I let him settle me down in the chair, looking out at the gray sky and level sweep of empty ocean. Beyond the glass the Arctic spreads north into endless nothingness, into spaces where there used to be ice. There's nothing there now, not since we blew it all up in our hunt for hydrate resources deep underwater, in the Arctic skirmishes. This is the world we've made for ourselves.
"Switch on your favorite music," Carrolla says, as he guides my head into the sonic bath-well in the chair's head. He makes a good nurse, better than he'd ever have been as a marine. That's a small mercy. "Settle in and you'll be up in time to party, unless Don Zachary comes for you first."
"Arcloberry," I mumble, in place of what I meant to say which was perhaps some kind of joke.
He nods and repeats the word but I don't hear it, and the world fades away as the sonic bath takes hold with a medley of music I've reacted well to in the past. Underneath the beat it attempts to mimic the sound of the mother's pulse, automatically reverting the body back to the same womb-like state of recovery and growth I put Mei-An into.

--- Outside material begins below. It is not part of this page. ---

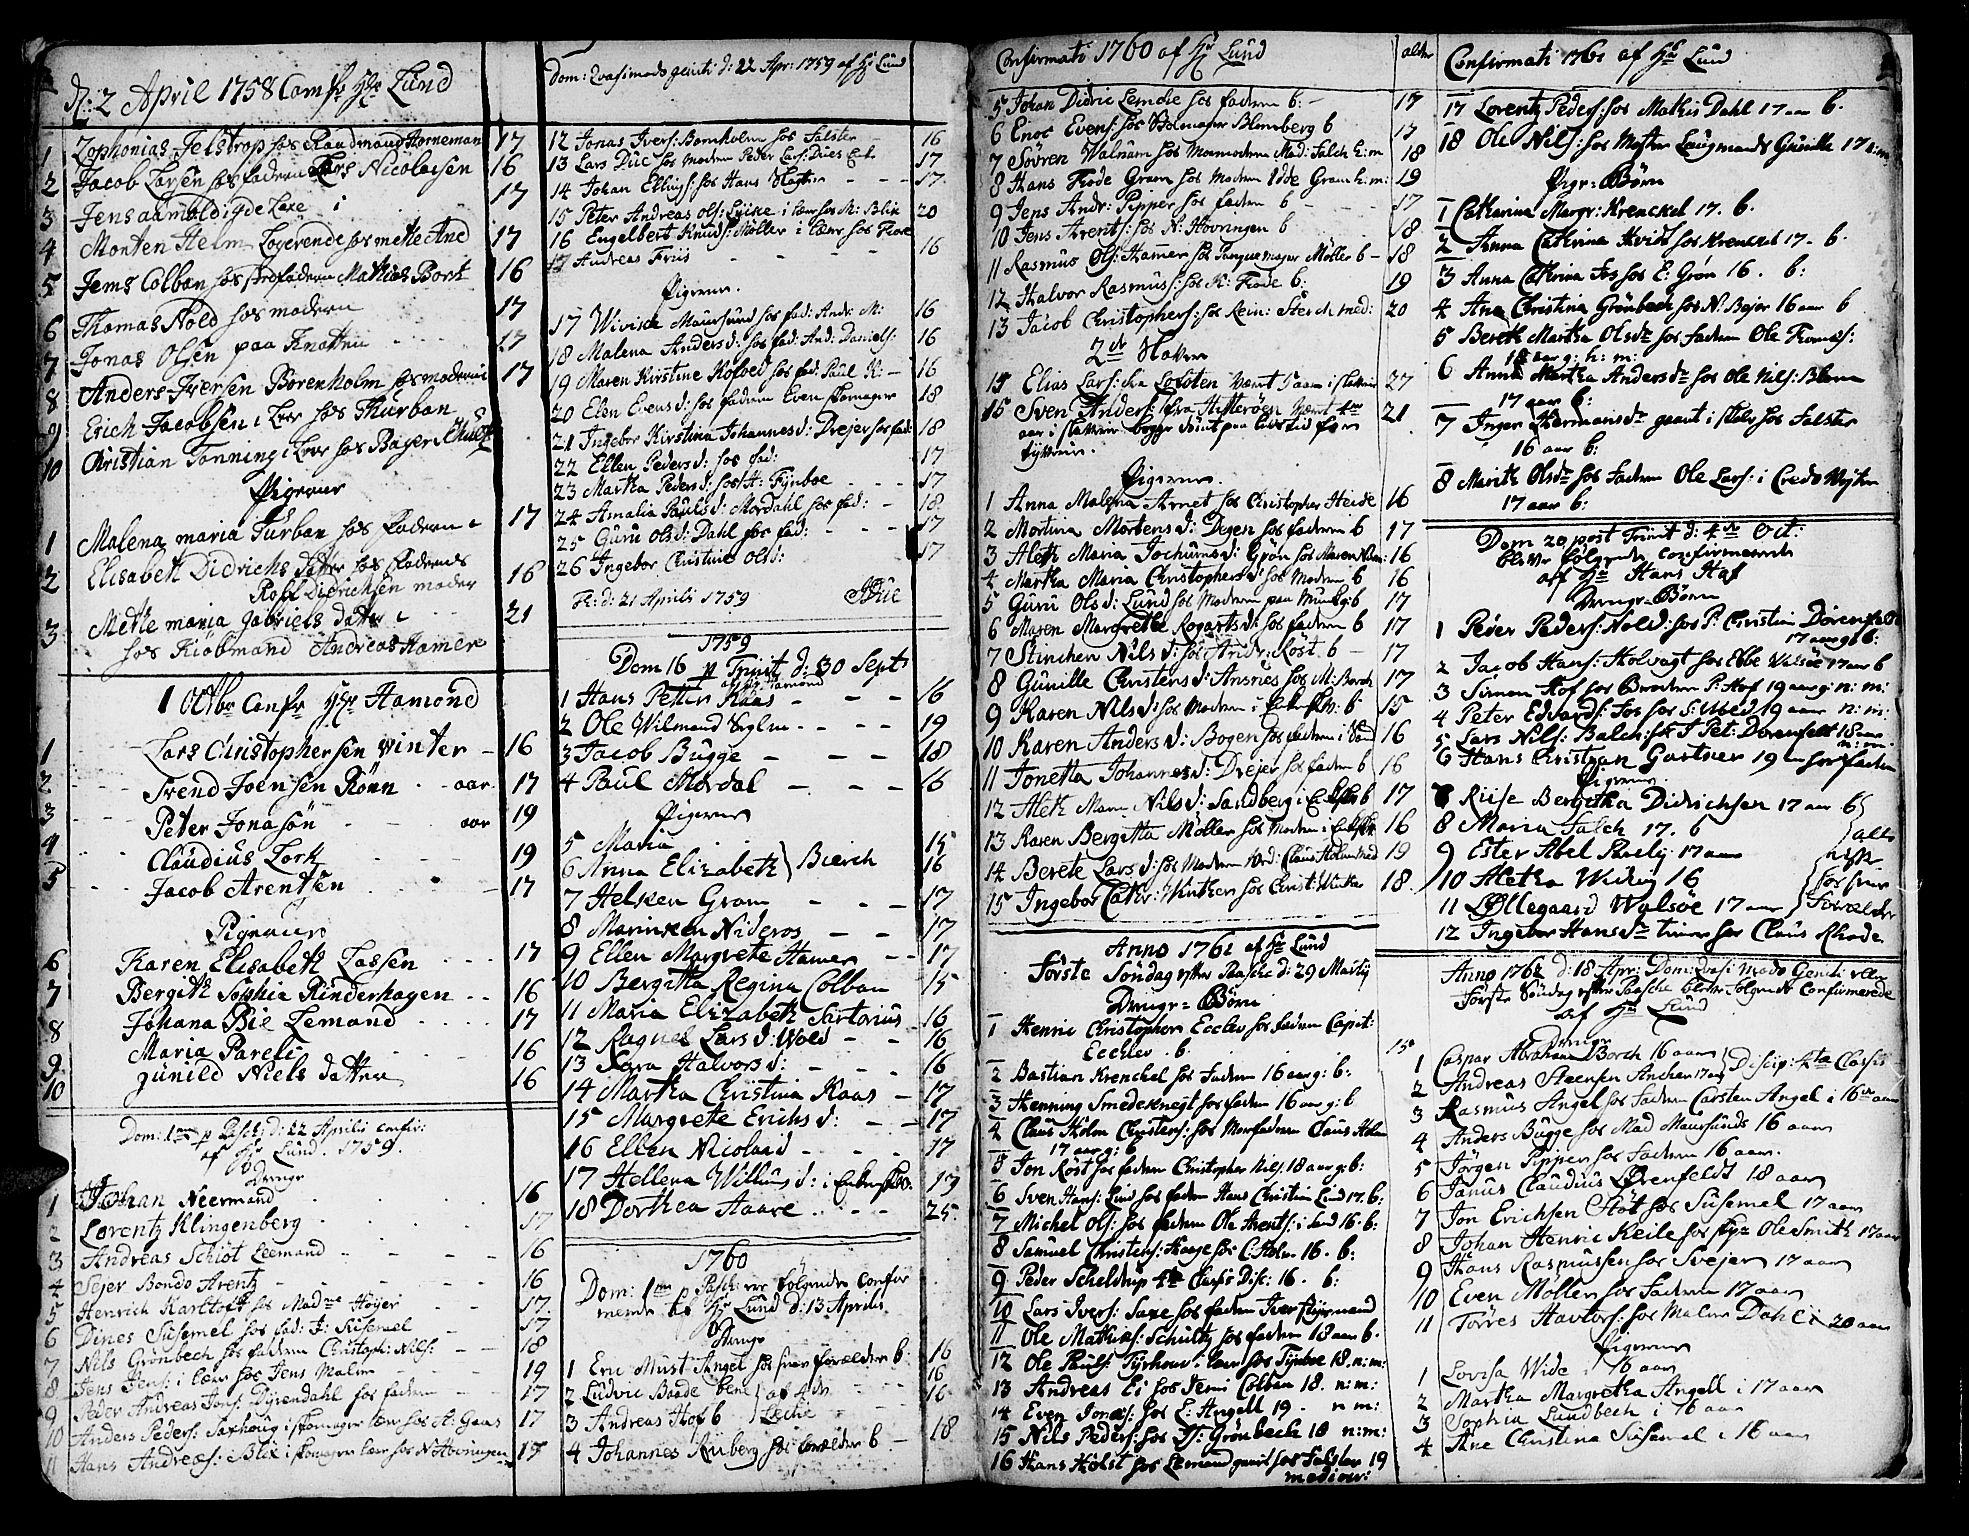 SAT, Ministerialprotokoller, klokkerbøker og fødselsregistre - Sør-Trøndelag, 602/L0133: Klokkerbok nr. 602C01, 1744-1773

It's a poor imitation for most, and works even less for me, since I never had a mother, and the pulse I grew up to was the seven-tone chime of an external machine womb, but still, I like the music. In a few hours I'll wake up feeling better, and so will Mei-An. We'll probably have sex, part of the contract for those who need a little extra context to frame the mental re-structuring a graysmith provides, and that is not an entirely unpleasant notion. She was pretty, and real.
I drift off thinking of her and the blunt-nosed face of Don Zachary's son I saw in her mind, completely unaware of how goddamn awful he's going to make my life, any moment now.